Celltrion announced that it has completed phase 2 of the global clinical trial of CT-P59 (ingredient name Regdanvimab), a corona19 antibody treatment, and submitted an application for conditional approval to the Ministry of Food and Drug Safety on the 29th. At the same time, based on the clinical results, the procedure for obtaining emergency use approval in the US and Europe will be immediately initiated.
This clinical trial was designed through prior consultation with the Korea Food and Drug Administration, the US Food and Drug Administration (FDA), and the European Medicines Agency (EMA), and a total of 327 patients from Korea, Romania, Spain and the United States participated and finalized on November 25. Dosing is complete.

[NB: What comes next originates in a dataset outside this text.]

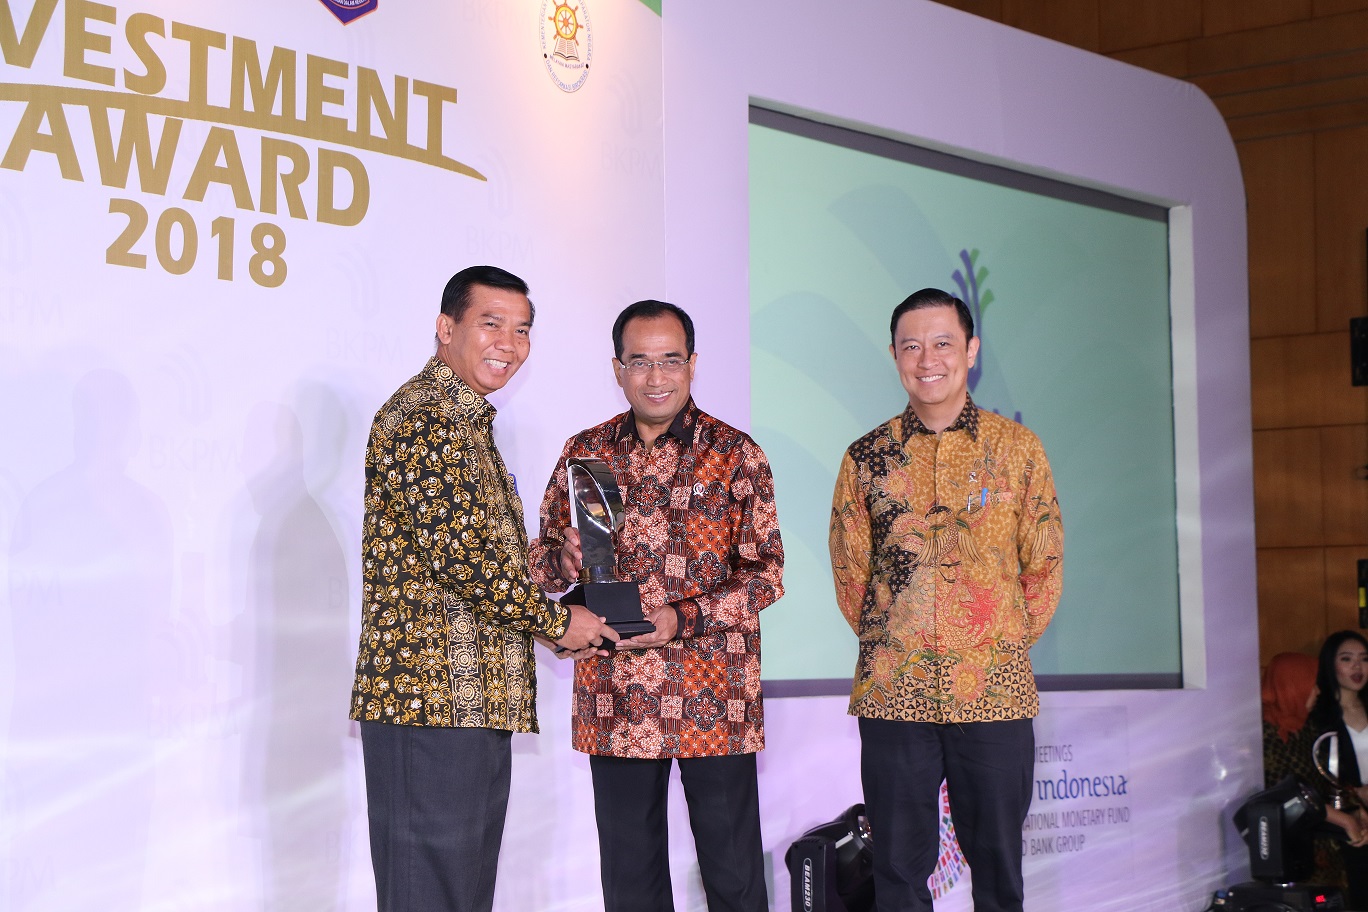 Investment Award 2018

Celltrion concluded that the detailed data of this clinical trial were analyzed through domestic and foreign experts and self-evaluation, and that it had secured sufficient grounds for applying for CT-P59 conditional approval from the Ministry of Food and Drug Safety, and immediately submitted an application for approval.
However, detailed clinical data related to the safety and efficacy of CT-P59 will be kept private until separate instructions are made at the request of the Ministry of Food and Drug Safety in view of the recent focus of the public on COVID-19 treatment. It is a policy to secure strict verification and evaluation.
Celltrion is also pursuing an overseas emergency use approval procedure for CT-P59. While sharing the data on the results of this phase 2 clinical trial in detail with the FDA and EMA, consultations regarding the submission of applications for approval will be initiated, and applications will be submitted to most of these countries in January next year. In addition, when responding to inquiries related to orders from overseas government agencies, we plan to induce pre-orders by explaining the results of this phase 2 clinical trial in detail so that they can be supplied in Korea as soon as possible as soon as an emergency use approval is issued.
An official from Celltrion said, “We are grateful to the domestic and foreign health authorities, medical institutions, and patients who have actively supported this clinical trial as planned, and to the dozens of our employees who have devoted themselves to the work in the US and Europe.” Revealed.
“We plan to speed up the overseas approval process while responding to all inquiries and requests from the KFDA during the review period so that CT-P59 will be supplied to Korea as soon as possible to help the most in the treatment of domestic Corona 19 patients.” Through this, I hope that CT-P59, like the ingredient name’Regdanbimab’, will be a raindrop of hope to the people around the world who eagerly wish to end the Corona 19 pandemic.”
Meanwhile, Celltrion plans to present the results of this phase 2 clinical trial in detail at an international conference soon. In addition, based on the results, it is planned to begin phase 3 clinical trials in 10 countries around the world as soon as possible to further verify the safety and efficacy of CT-P59 through a broader patient group.